First, we multiply the coefficient of the second degree term and the constant term, in this case `6` and `-3,` respectively. This gives `-18.` Now we try to find two numbers that multiply to `-18` and add to the remaining coefficient, `-7.` These numbers are `-9` and `2.`

This leads us to break up the middle term and rewrite the trinomial as

`6x^2-9x+2x-3,` and now we pull out the greatest common factor of the first and second pairs of terms as follows:

`6x^2-9x+2x-3=3x(2x-3)+1(2x-3).` Since `2x-3` is now a common factor, we get the final result of

`6x^2-7x-3=(2x-3)(3x+1).`

If the leading coefficient is one, then this method becomes easier due to the fact that multiplication by 1 is simple and generally results in smaller numbers.

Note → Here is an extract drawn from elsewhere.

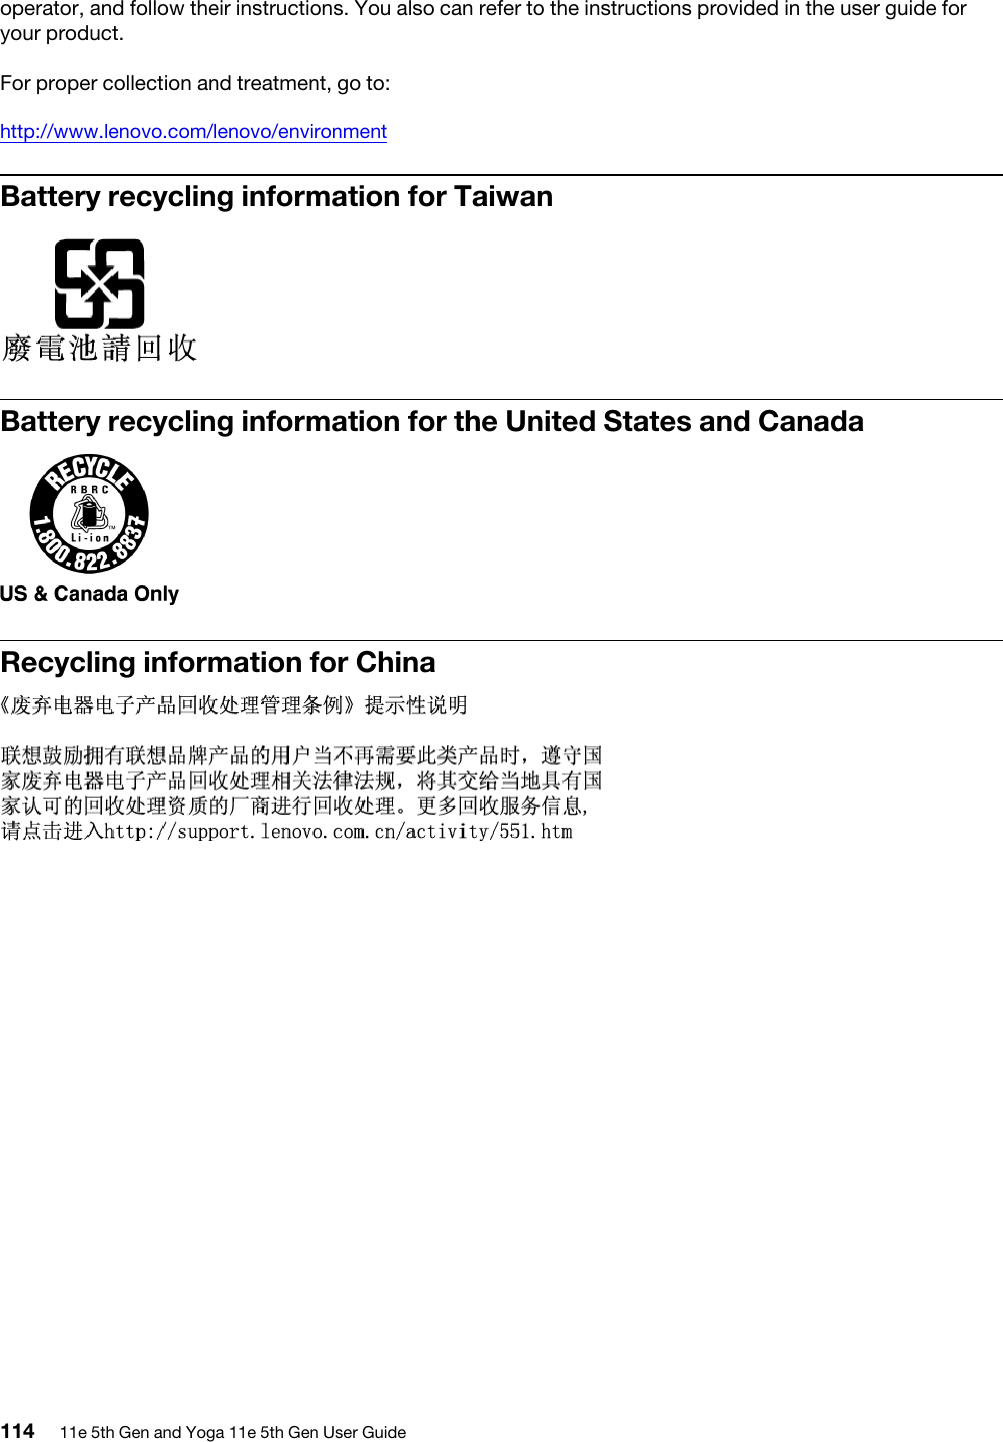 operator, and follow their instructions. You also can refer to the instructions provided in the user guide for your product.For proper collection and treatment, go to:http://www.lenovo.com/lenovo/environmentBattery recycling information for TaiwanBattery recycling information for the United States and CanadaRecycling information for China114 11e 5th Gen and Yoga 11e 5th Gen User Guide

However, this method won't always work (not as easily as it just did, at least) and it is also possible to factor by using the quadratic formula. This is done by finding the roots of the trinomial. Doing this gives roots of `3/2` and `-1/3.` Since the leading coefficient is 6, we form two factors using the roots and stick a 6 in front to get

`6x^2-7x-3=6(x-3/2)(x-(-1/3))=(2x-3)(3x+1),` just as before. In my opinion, if we use this method then the problem is really no more difficult than if the leading coefficient were one, and it works every time and pretty quickly too.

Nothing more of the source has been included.